Numerical Simulations and Observations of Mg ii in the Solar Chromosphere

Abstract

Abstract The Mg ii h and k lines are among the best diagnostic tools of the upper solar chromosphere. This region of the atmosphere is of particular interest, as it is the lowest region of the Sun’s atmosphere where the magnetic field is dominant in the energetics and dynamics, defining its structure. While highly successful in the photosphere and lower to mid-chromosphere, numerical models have produced synthetic Mg ii lines that do not match the observations well. We present a number of large-scale models with magnetic field topologies representative of the quiet Sun, ephemeral flux regions and plage, and also models where the numerical resolution is high and where we go beyond the MHD paradigm. The results of this study show models with a much improved correspondence with IRIS observations in terms of both intensities and widths, especially underscoring the importance of chromospheric mass loading and of capturing the magnetic field topology and evolution in simulations.

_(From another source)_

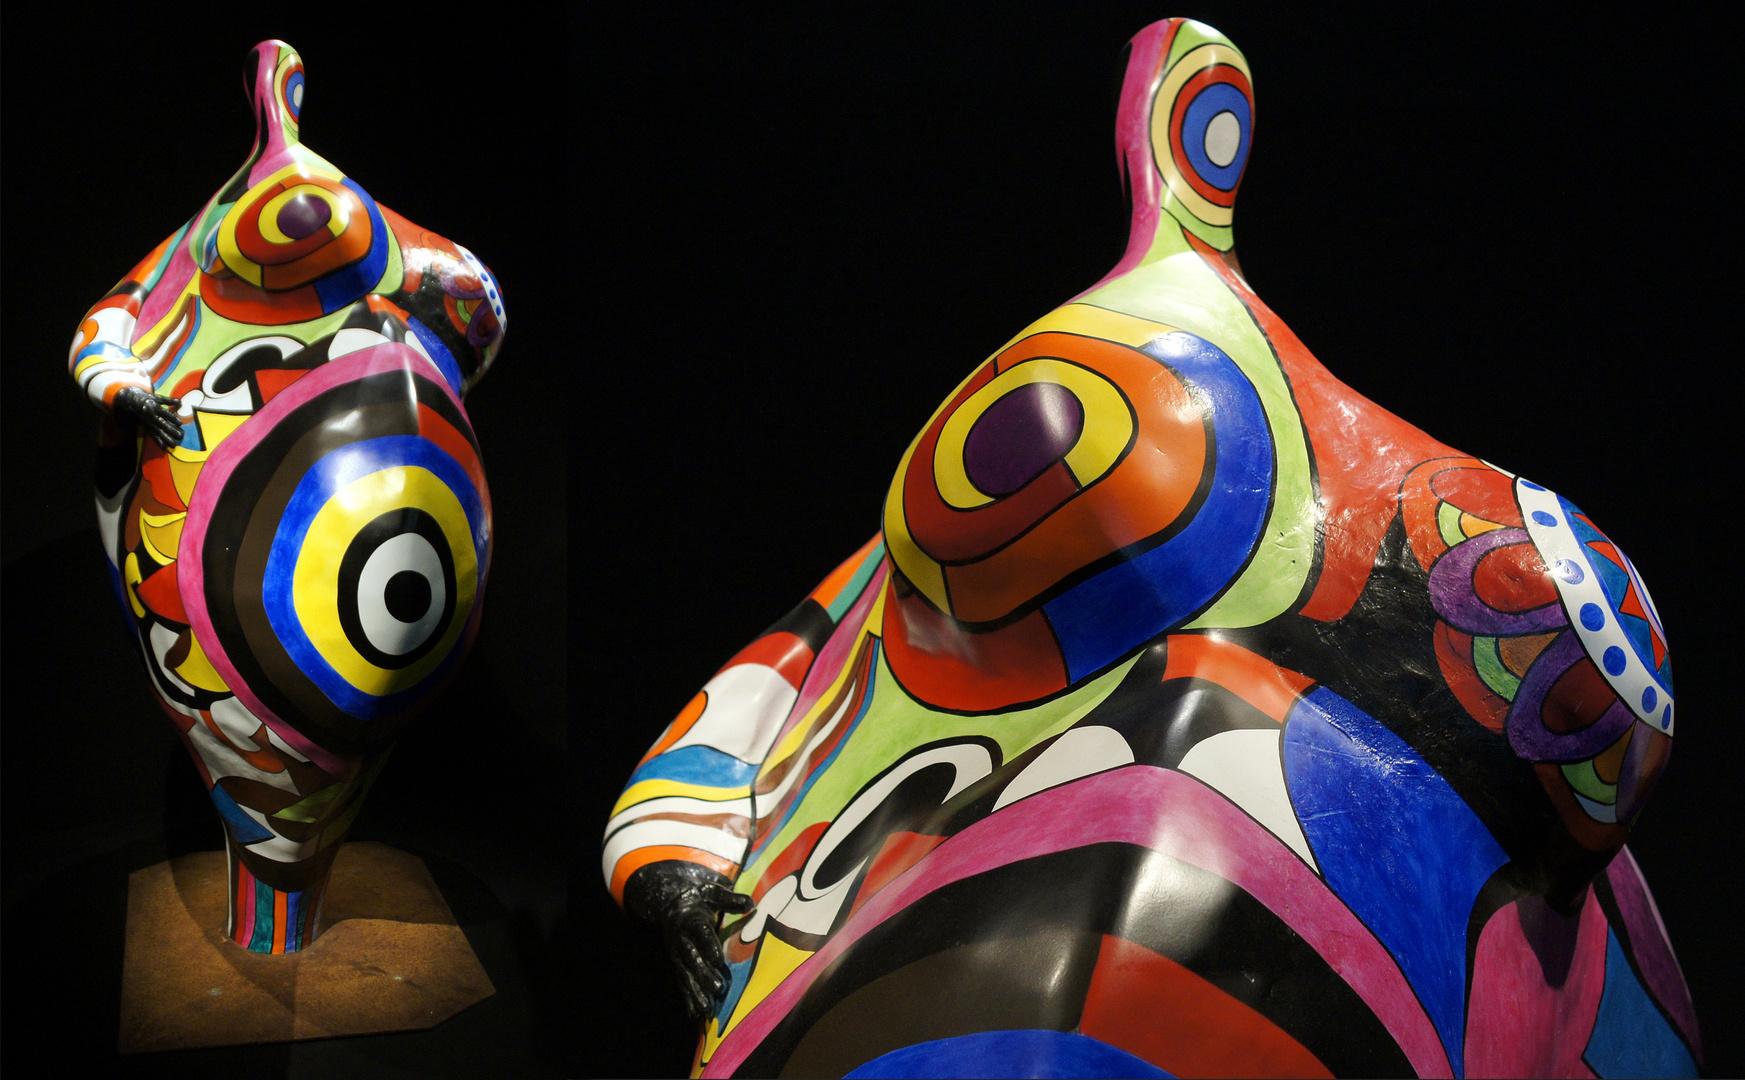 Niki de Saint Phalle: Nana Gwendolyn (1966)

This comes in addition to the importance of capturing the generation of small-scale velocity fields and including nonequilibrium ionization and ion−neutral interaction effects. However, it should be noted that difficulties in achieving a good correspondence remain, especially when considering the width of Mg ii h and k lines in plage. Understanding and modeling all these effects and their relative importance is necessary in order to reproduce observed spectral features and in isolating the missing pieces necessary to fully comprehend Mg ii formation.